Kota Tegal merupakan perwujudan dari sebuah desa kecil bernama “Tetegual”. Modernisasi desa dimulai pada awal 1530-an, ketika akhirnya menjadi bagian dari Kabupaten Pemalang daerah yang mengakui keberadaan Kesultanan Pajang di Jawa Tengah . Kekaisaran Pajang penerus Kesultanan Demak , yang didirikan oleh turunannya.
Kota ini dibangun oleh Ki Gede Sebayu. Bersama dengan penduduk setempat, ia terinspirasi untuk meningkatkan sektor pertanian di wilayah ini karena kesuburan tanahnya. Karena usaha untuk mengembangkan wilayah tersebut dan untuk menyebarkan iman, segera ia menjadi pemimpin tinggi dan simbol kota. penobatan Nya sebagai pemimpin diselenggarakan bersama dengan sebuah festival tradisional setelah panen pertanian besar. Sesuai dari peraturan daerah no. 5 / 1988, 28 Juli adalah hari ulang tahun kota Tegal
Di tahun 1920, kota ini menjadi pusat Partai Komunis Indonesia (PKI) aktivisme, dan para pemimpin radikal PKI cabang Tegal adalah antara penghasut pemberontakan 1926 yang menyebabkan kerusakan sementara partai itu.
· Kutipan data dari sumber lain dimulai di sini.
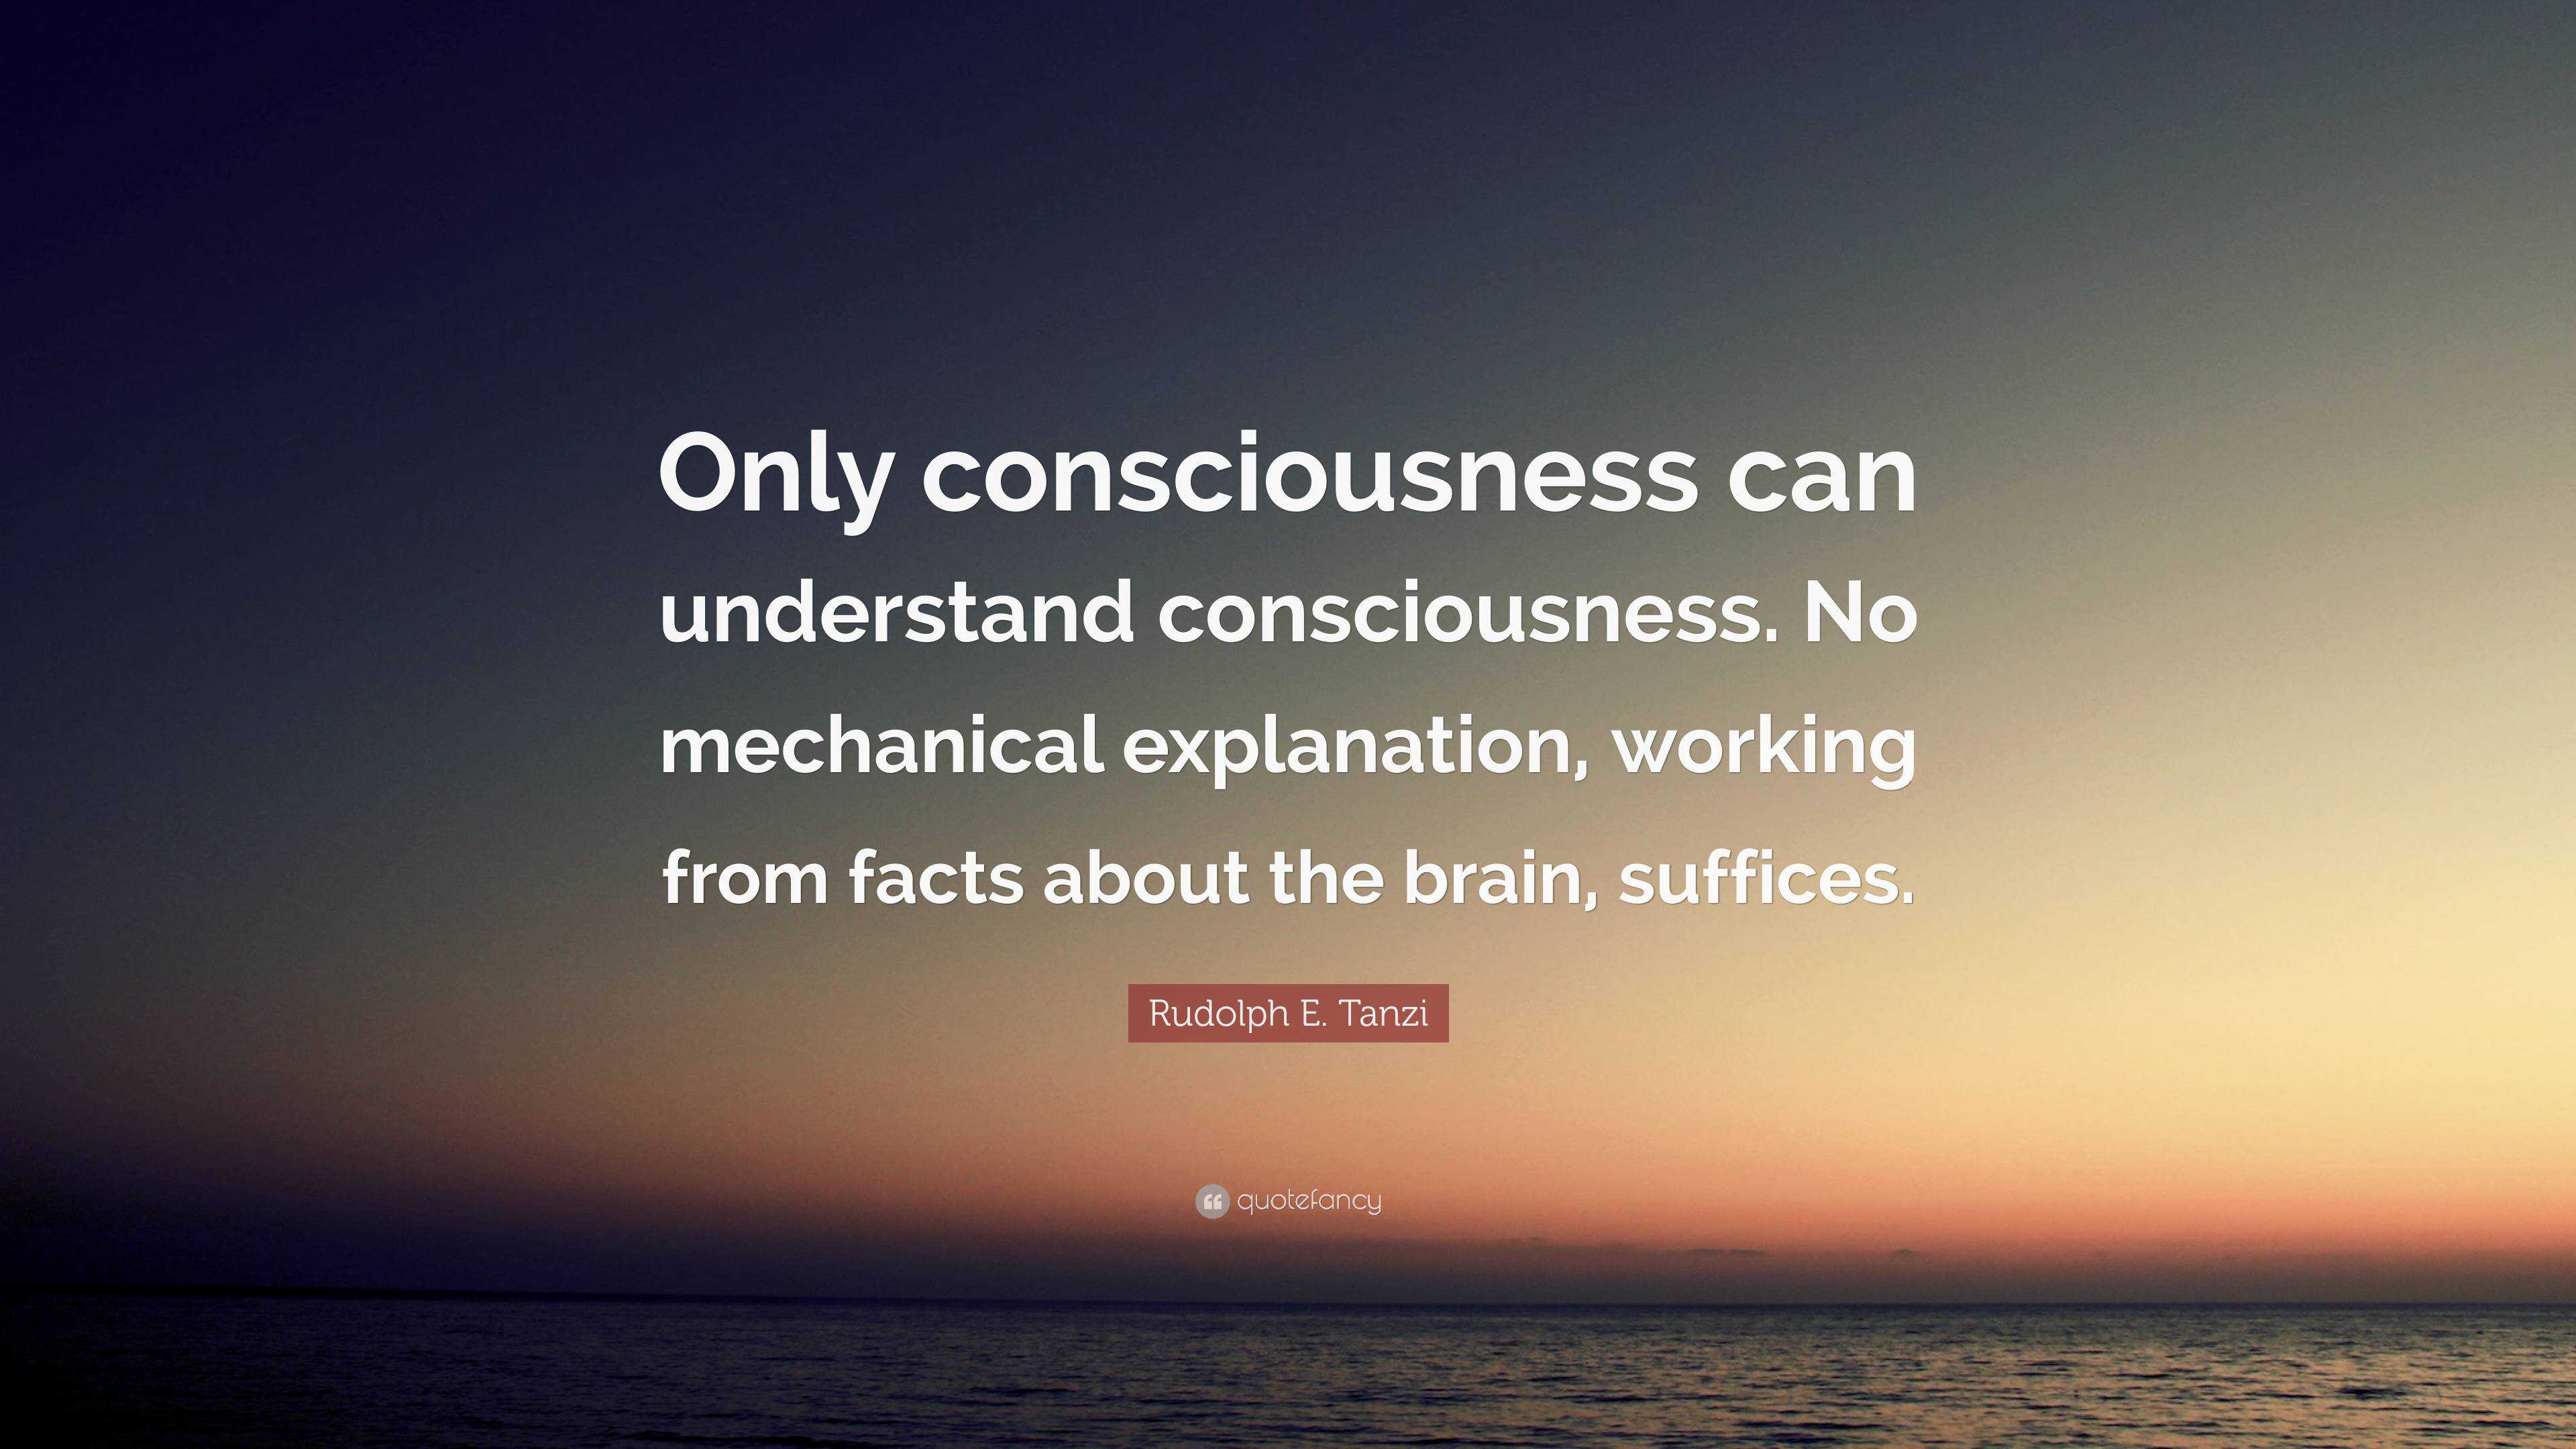 Rudolph E. Tanzi Quote: “Only consciousness can understand ...

Pada tanggal 8 Oktober, 1945 anti-“Swapraja”, atau anti-feodalisme, gerakan yang disebut Gerakan Tiga Kawasan / “Gerakan Tiga Daerah” didirikan di Tegal, Pekalongan, dan Brebes. Tujuan dari gerakan ini adalah untuk menggantikan bupati darah biru (terkait dengan raja-raja dari Yogyakarta dan Surakarta ) dengan orang-orang biasa. Menurut para pemimpin gerakan ini, bupati tua itu bekerja sama dengan Jepang selama Perang Dunia II dan mengirim orang ke kamp-kamp kerja budak Jepang.
Pemimpin utama gerakan ini adalah Sarjiyo yang menjadi bupati Pekalongan yang baru. Pemimpin lain dari gerakan ini adalah Kutil, K. Mijaya dan Ir. Sakirman. Ir Sakirman adalah pemimpin lokal Partai Komunis Indonesia (PKI). Bupati tua ditangkap, ditelanjangi, dan diseret ke dalam penjara. pejabat pemerintah lainnya dan polisi diculik dan dibantai di jembatan Talang, Tegal. Gerakan ini juga mulai kerusuhan rasial terhadap etnis Cina di Brebes .
Pemerintah Republik Indonesia (RI) di Yogyakarta tidak setuju dengan gerakan ini dan menyatakan itu ilegal.
Pada tanggal 4 November 1945, gerakan ini menyerang markas tentara Indonesia dan kantor bupati di Pekalongan. Para pemberontak dikalahkan oleh tentara Indonesia dalam pertempuran sengit pada tanggal 21 Desember 1945. Kebanyakan para pemimpin gerakan ini ditangkap dan dilemparkan ke dalam penjara. Pemberontakan ini disebut Tiga Kawasan Affair.
Selama kerusuhan menyusul pengunduran diri Presiden Suharto pada tahun 1998, Tegal adalah tempat protes luas, dan kekerasan kadang-kadang, terhadap pejabat pemerintah daerah, terutama pada bulan Juni 1998.
Tempat Wisata

1. Goa Lawet

Goa Lawet merupakan goa alam indah dan berbatuan konon cerita sejarah tempat bertapa Raja-raja Mataram. Goa lawet terletak pada koordinat (289200, 9245448) UTM pada ketinggian 169 mdpl. Balapulang, di bagian selatan Kabupaten Tegal tepatnya di Desa Harjowinangun. Merupakan goa alam yang indah dan berbatuan. Akomodasi di objek wisata ini kurang memadai, tidak terdapat penginapan di objek wisata ini. Rumah makan kecil tersedia dalam jumlah yang tidak begitu banyak.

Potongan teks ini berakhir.